Кто знает, по какому странному сплетению сознания и бессознательного это происходит со мной только тогда, когда я занимаюсь сексом. Все остальные пробуждения проходят более или менее спокойно, но если я сплю с какой-нибудь девицей, в моём сознании возникают образы, которые причиняют боль, выводят из себя и заставляют снова стать восемнадцатилетним, хотя мне уже тридцать два.

Я скидываю с себя цыпочку, ощущая лёгкую тошноту.

Чёрт возьми, кто эта штучка?

Прошлой ночью она показалась мне привлекательной. Я подцепил её в одном из тех клубов, в которые можно попасть, только если ты есть в списках. Девица была одета в обтягивающее платье и туфли на высоких каблуках. Я предложил ей выпить, а она взамен пообещала мне кое-что захватывающее. Через час она сдержала своё слово.

Теперь это бесформенная человеческая куча, к которой я больше не хочу прикасаться. Противно даже трогать. Корю себя за то, что заснул до того, как выпроводил её.

С другой стороны, на работе у меня выдалась ужасная неделя: по шестнадцать часов в день за контрактом на сто миллионов долларов, который чуть не сорвался. Добавьте сюда алкоголь и огромное количество дикого секса, — вполне естественно, — что я вырубился.

Естественно, но всё равно неприятно.

Я не хочу видеть женщин в своей постели после.

Я не хочу, чтобы они были под моей крышей, в моей квартире, дышали со мной одним воздухом, присутствовали в моей жизни.

Я встаю, переступаю через груды одежды, разбросанные, как трупы без костей. Куда я дел свои боксеры?

— Ты не похож на парня, у которого есть татуировки, — неожиданно говорит она.

— Вызову тебе такси, — отвечаю я. Мой голос холодный, надменный, из него сочится сильная брезгливость.

— А сколько их у тебя? — снова спрашивает она, уставившись на меня.

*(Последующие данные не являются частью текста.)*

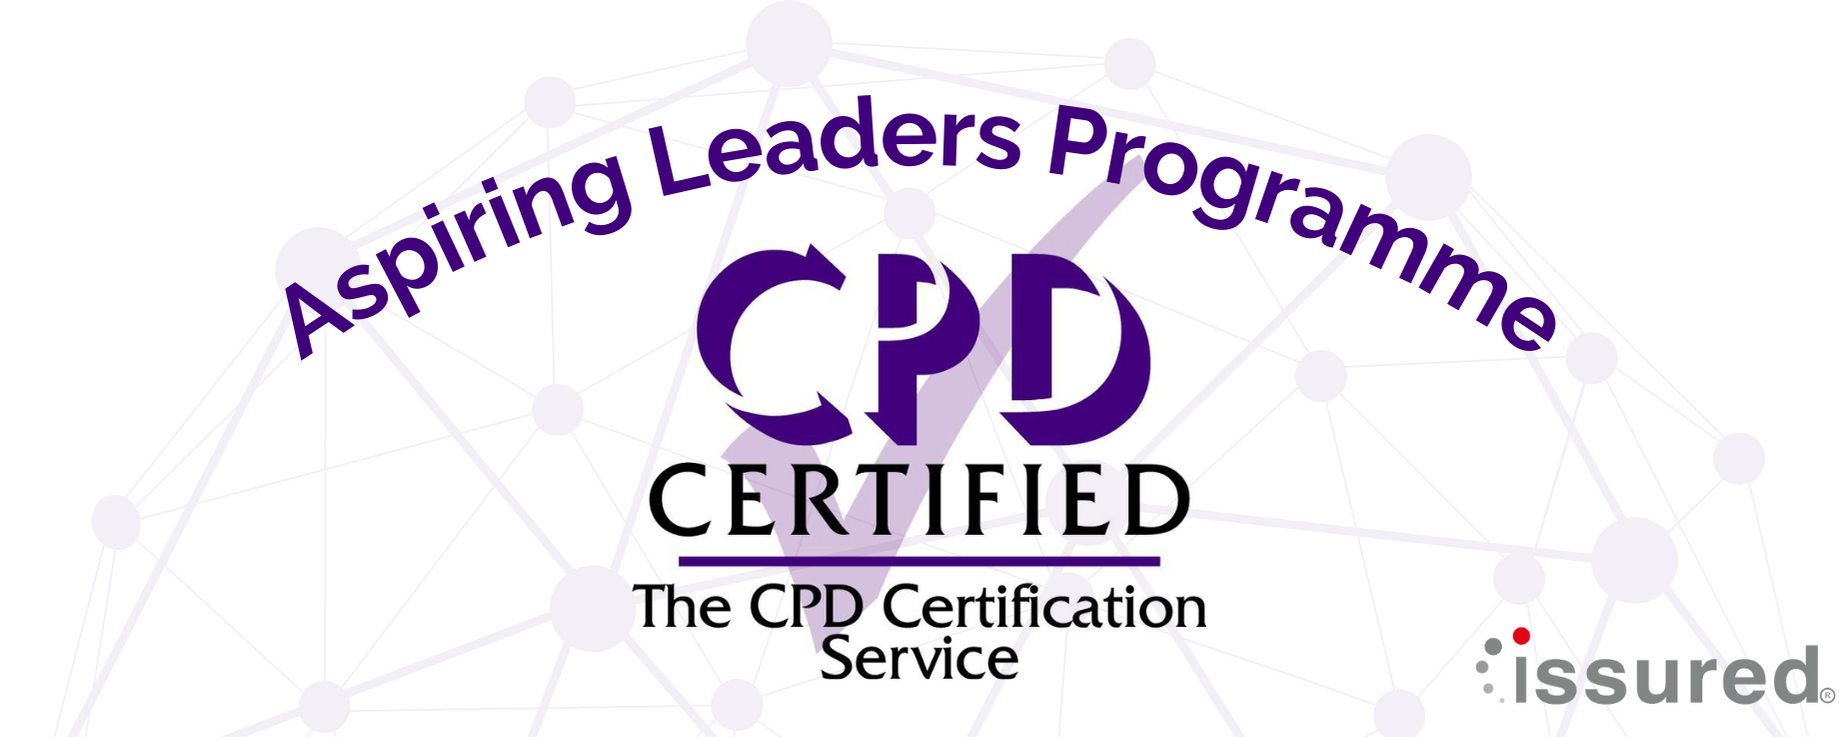 Aspiring Leaders Programme now CPD Certified | Digital Transformation Specialists | Issured Ltd

Цыпочка приподнялась на локте и смотрит на моё тело с таким видом, словно не прочь повторить вчерашнюю хореографию. Её светлые волосы, которые ночью казались золотистыми, теперь кажутся мне плохо прокрашенными, с тёмными корнями, похожими на запёкшуюся кровь. Цыпочка не вызывает у меня никаких желаний. Я уже дал. Больше не хочу ничего, кроме как избавиться от её загрязняющего присутствия.

Я надеваю боксеры и звоню в службу консьержей. Такси через десять минут.

— Лучше оденься, — предупреждаю её.

— Могу я хотя бы сходить в туалет и умыться? — саркастически спрашивает меня.

Мысль о ней в моей ванной перед моим зеркалом вызывает судороги, похожие на приступ острой язвы.

— Вон там гостевая ванная, — отвечаю я, указывая в направлении вне спальни.

— И для шлюх, — добавляет она, возможно, немного обиженно или снова с сарказмом.

— И для шлюх, — подтверждаю я, не обижаясь и не язвя: просто искренне.

Она быстро надевает трусики. У платья молния сзади, и вчера я быстро расстегнул её, но застёгивать сегодня не собираюсь.

Замираю в ожидании перед одним из окон, неподвижный, как статуя, пока не слышу звук шагов. Затем подхожу к девушке, имени которой не знаю. Она с горем пополам застёгивает молнию, а волосы с корнями цвета лакрицы уже расчёсаны. Направляясь к входной двери, она надевает пальто цвета розовой карамели. Перед самым уходом я протягиваю ей сто долларов.

— Я не шлюха, — уточняет она. — А если бы была, ты бы заплатил не менее двух тысяч долларов.

— Это на такси, а не за секс, — поясняю с предельной отстранённостью. — Если хочешь две тысячи, я выпишу тебе чек.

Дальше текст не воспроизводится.